The center oversees The Ralph W. Voorhees Program in Public Service Fellowships, awarded annually to students who have chosen to focus their academic pursuits on civically-engaged learning through research projects in community development and planning, community-based education, entrepreneurship, housing, public transportation, public health or public policy. The program is open to undergraduate applicants from any major in any school at Rutgers. Students work on research projects in partnership with community organizations, simultaneously building community capacity and contributing to the intellectual life of the university.
A senior vice president for investments at Paine Webber, Mr. Voorhees was named to the prestigious Paine Webber Chairman’s Club and was selected by Registered Representative magazine as one of 20 outstanding brokers of 1983. He retired in 2001 after 45 years in the brokerage business. His civic involvement began in 1958 after he was elected a councilman in Highland Park, where he lived for most of his life. Mr. Voorhees’ community memberships have included serving as a member of ASA Holdings Inc.’s Board of Directors, and as chairman of the boards of the United Way of Central New Jersey, Family Counseling Services of Middlesex County, the Robert Wood Johnson University Hospital, and the New Brunswick Cultural Center.
At Rutgers, he chaired the University Foundation’s Board of Overseers, served on the President’s Council Fundraising Committee, and co-chaired the 25th Anniversary of the Jane Voorhees Zimmerli Art Museum.

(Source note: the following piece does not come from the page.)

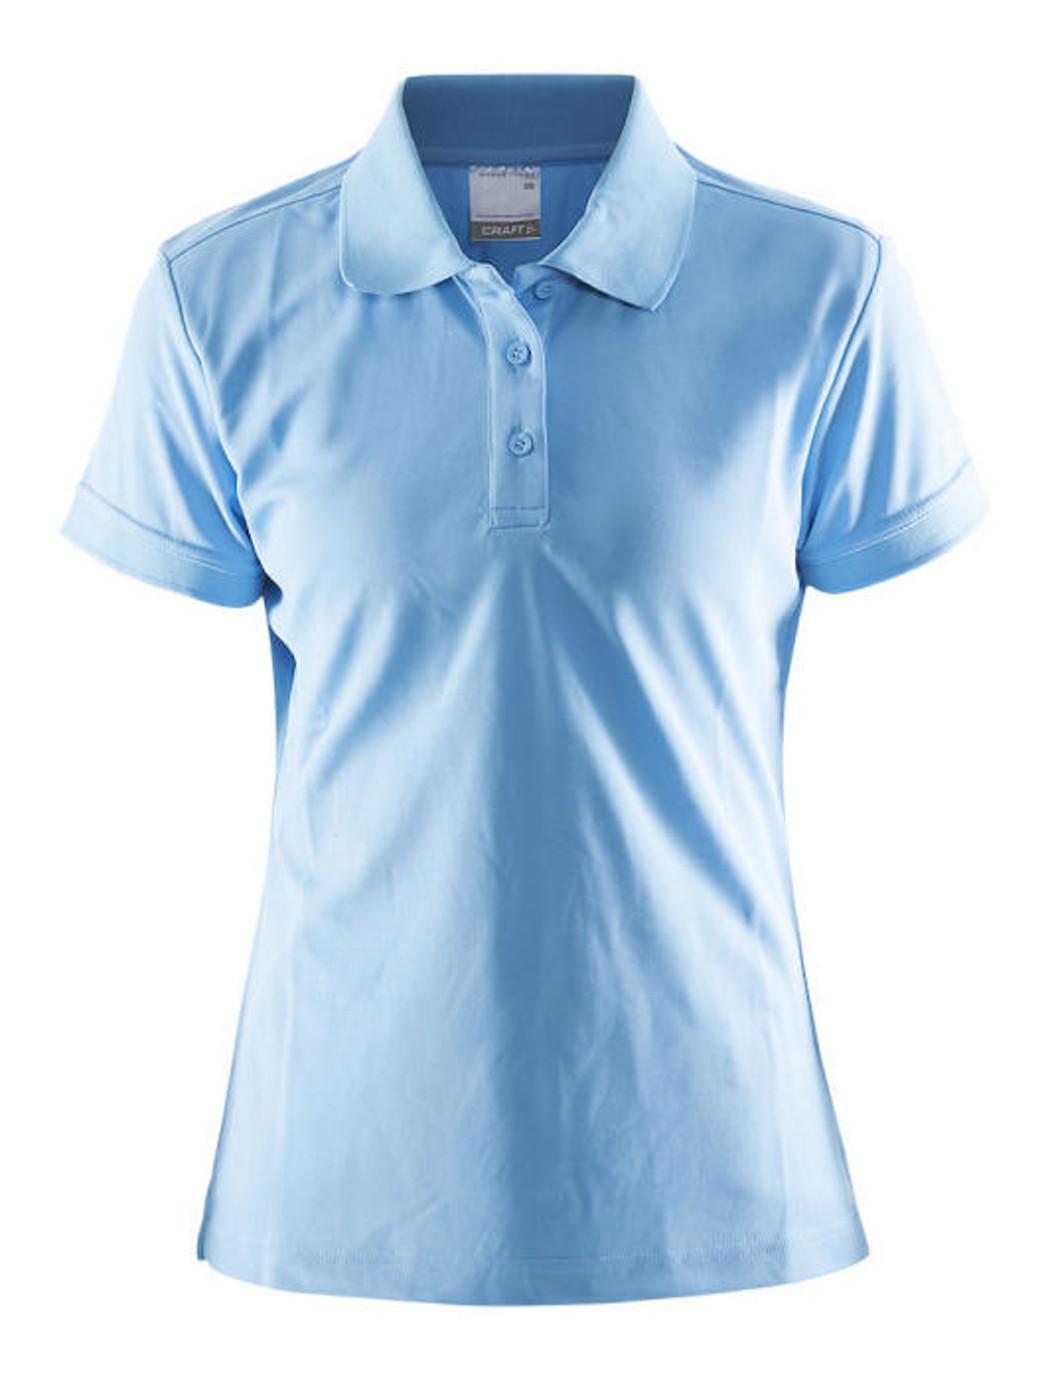 CRAFT Polo Shirt PIQUE CLASSIC - Damen

His efforts earned him widespread recognition both in New Jersey and nationwide. He was among the first to be honored by President Reagan with the U.S. Presidential Recognition Award for volunteerism in 1983. For his dedication to Rutgers, the Rutgers Alumni Association named him a Loyal Son in 1984, he was honored by the Rutgers University Alumni Federation with a Meritorious Service Award in 1994, and was inducted into the Rutgers Hall of Distinguished Alumni in 1996.
Mr. Voorhees also was a trustee of Voorhees College, a historically black college in Denmark, South Carolina, founded with seed money from his great uncle and great aunt, where he received the Keeper of the Flame Award for continuing his family’s legacy of supporting the college. He was the recipient of the Torch of Liberty Award for Community Service from the B’nai B’rith Anti-Defamation League, and the Distinguished Service award from the Melvyn H. Motolinsky Research Foundation, one of a few recipients outside the medical and scientific community.
Born in New Brunswick on May 4, 1926, Mr. Voorhees attended Rutgers College and graduated Phi Beta Kappa. Despite being blind in one eye from a childhood accident, he played football, baseball, and—for one season—basketball. For many decades, he was the only Rutgers pitcher to have beaten Princeton University twice in a season.
His wife, Barbara Beiser Voorhees, predeceases Mr. Voorhees. He is survived by a stepbrother, Fred Zimmerli of Telford, PA; four children, Judy Voorhees of Poolesville, MD, Mark Voorhees of South Orange, NJ, Jane Voorhees of Princeton, NJ, and Alan Voorhees of Madison, NJ; and 15 grandchildren, who all know “On the Banks of the Old Raritan.”